Answer: Dry soil makes the grass more susceptible to damage, and certain types of grass are more prone to damage, so that and weather or soil type differences (including fertility and/or moisture holding capacity) may help account for the difference in lawn reactions.
You may want to run some basic soil tests and see if you can add any amendments that would ameliorate the soil. Your county extension should be able to help you with the tests and interpreting the results and you would probably want to do this to get a baseline reading anyway for use in determining your general lawn care program.
It is usually the salts in urine that cause the damage and kill the grass so the best remedy is to water the spot heavily to wash the salts out right away, and rinsing immediately is more effective than waiting until after the urine is dry.

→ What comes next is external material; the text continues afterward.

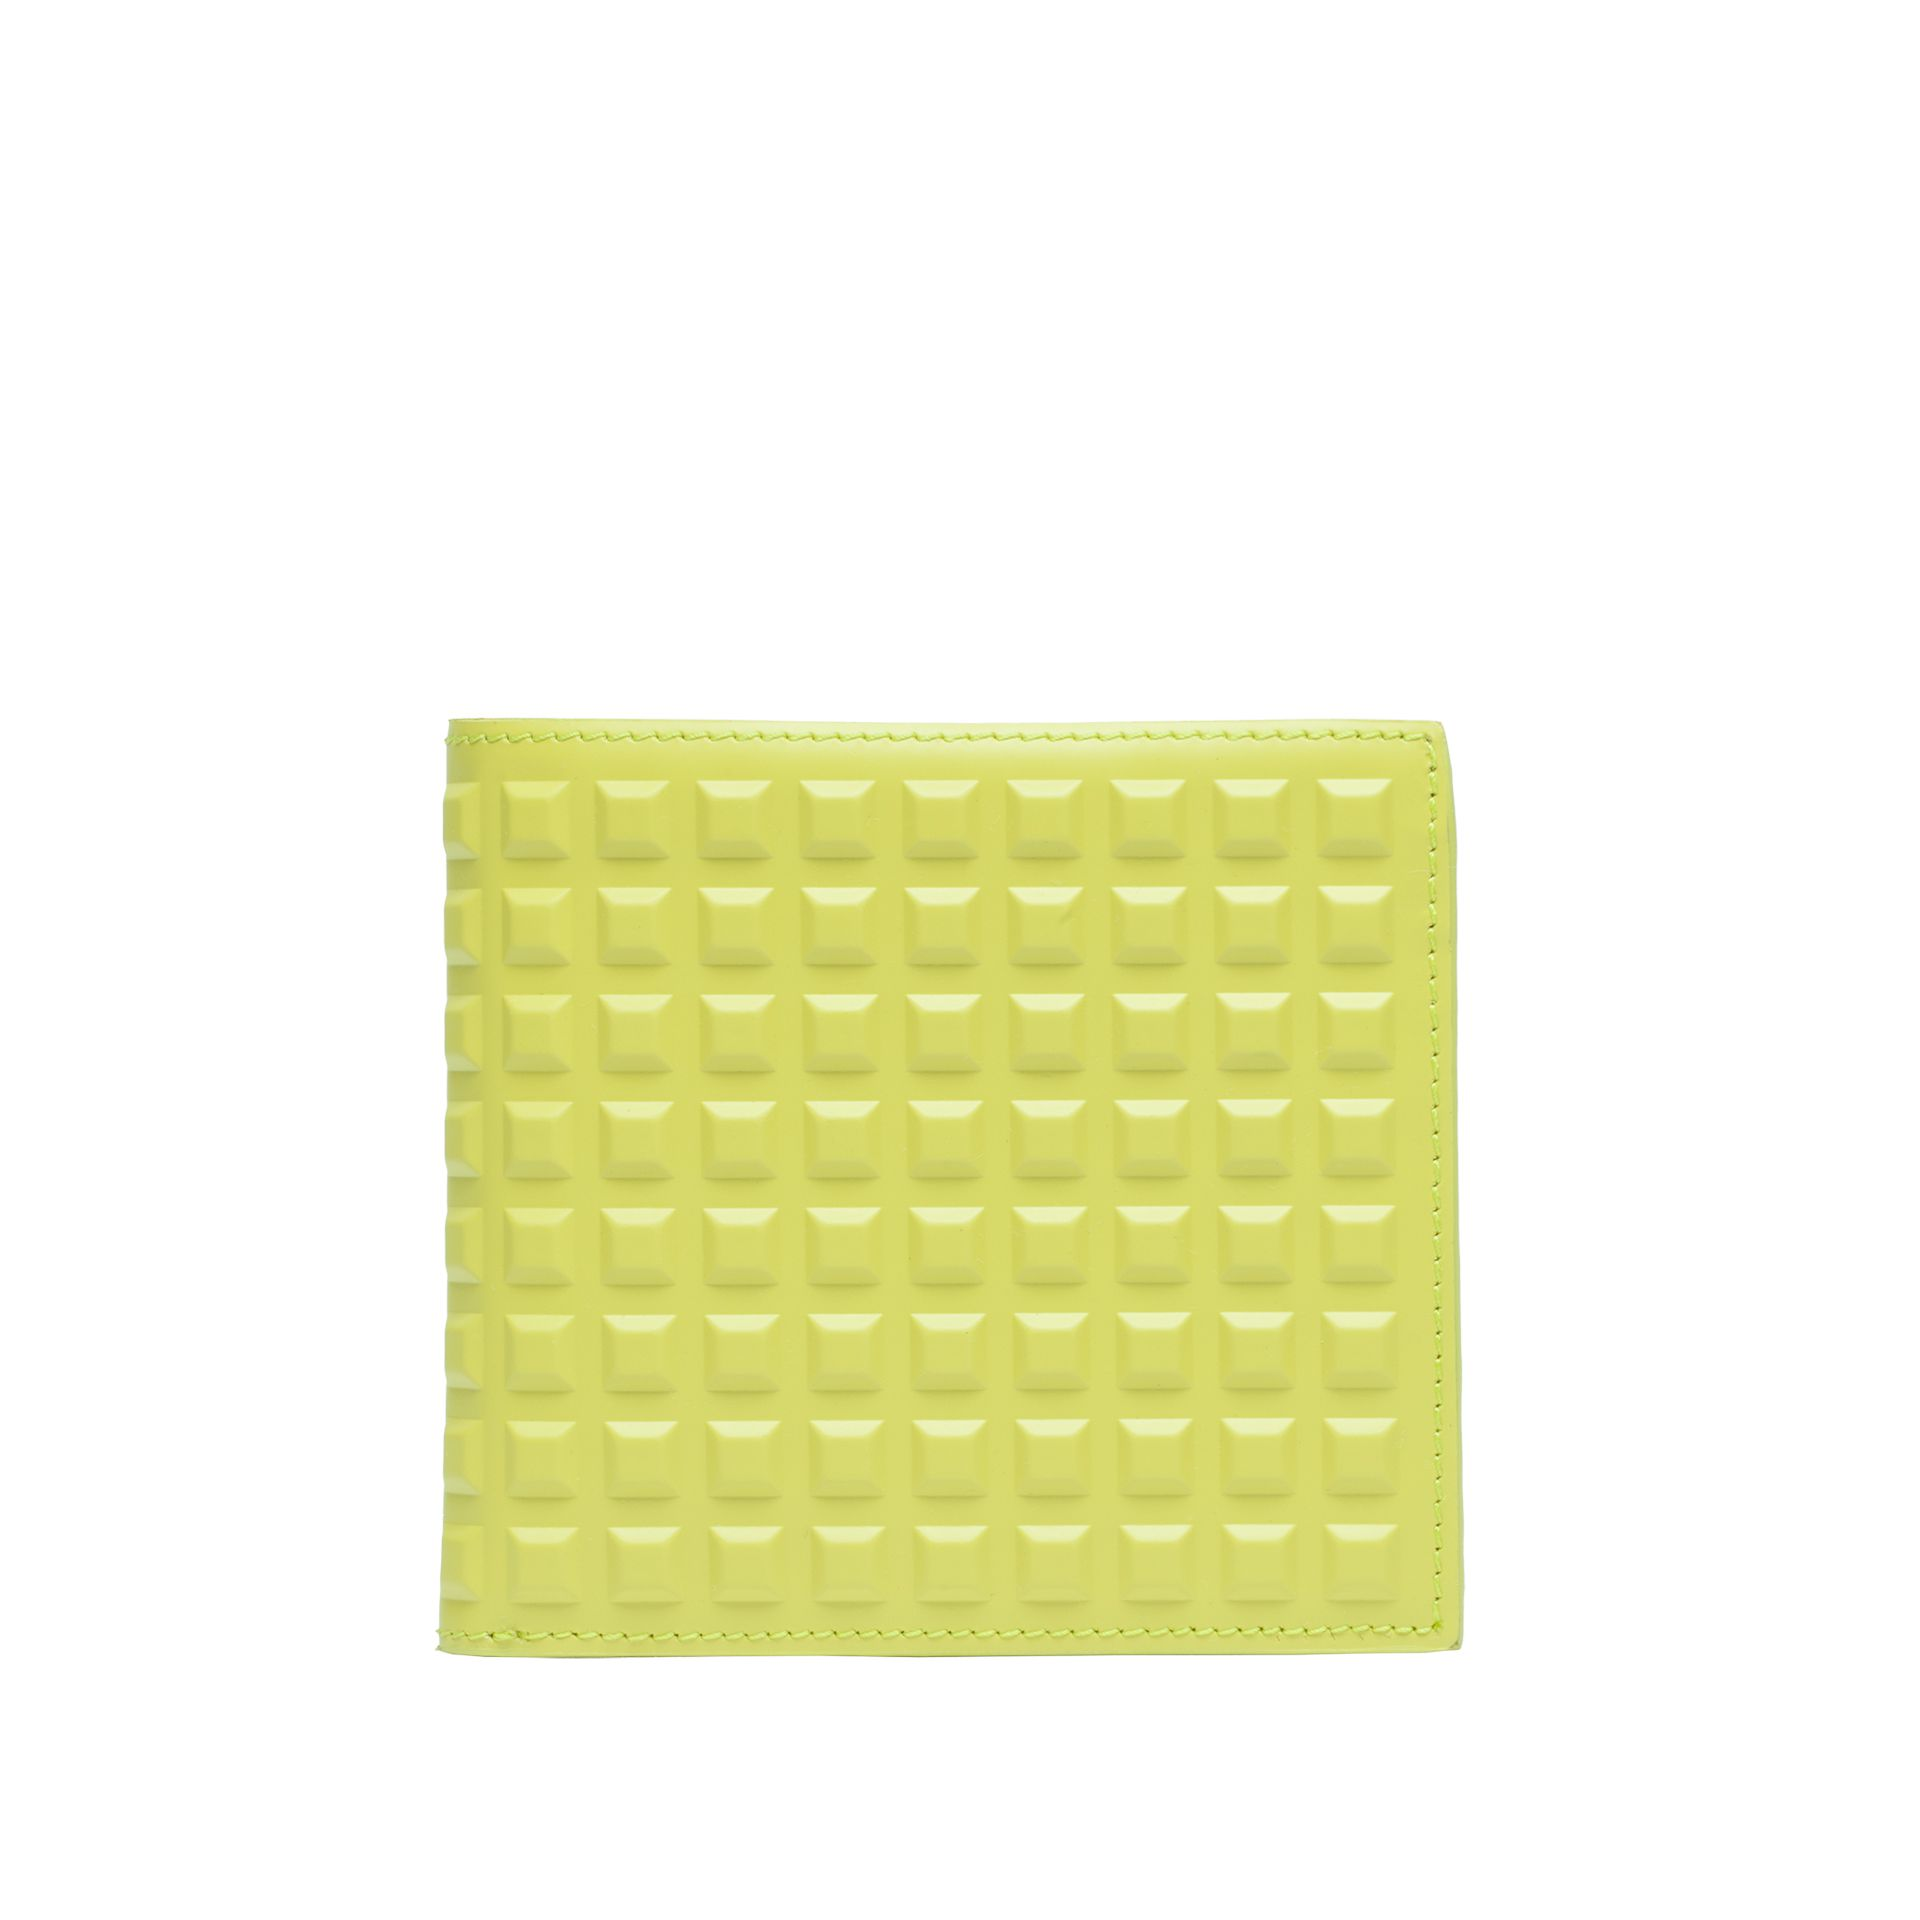 BALENCIAGA Balenciaga Square Wallet Grid Portefeuilles U f
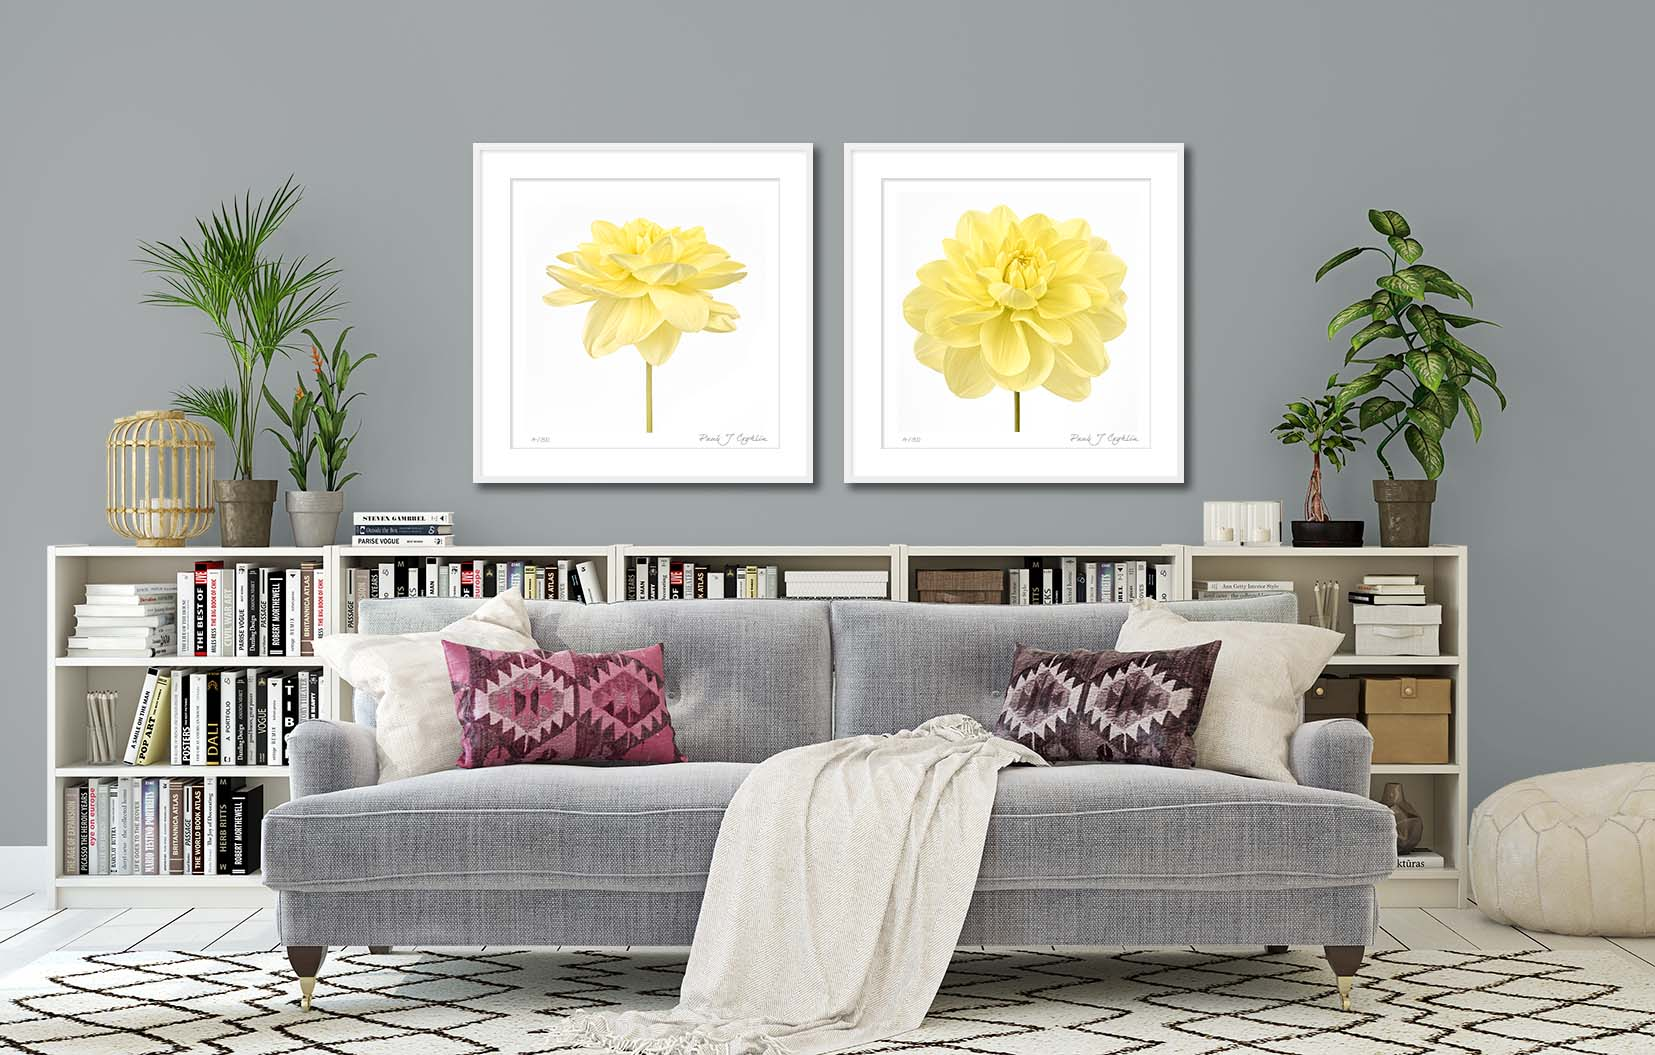 Dahlia 'Glorie van Heemstede' I + II. Limited edition botanical prints of a yellow dahlia by fine art photographer Paul Coghlin

I am not familiar with a soap and baking soda solution for use in this situation, but I suppose you could try a very weak solution (say a teaspoon per gallon) on an experimental basis and see what happens. I suspect any beneficial effect it might have would be due to diluting the urine and rinsing it off.
One other thing to consider is that you might want your vet to test a urine sample and make sure there is nothing unusual going on with your dog's health or diet that would change the content of the urine.
Lastly, sometimes we can train pets to use only a certain area (hopefully an out of the way spot) to do their business and then you would only have a specific limited area to either treat -- or ignore -- as the case may be.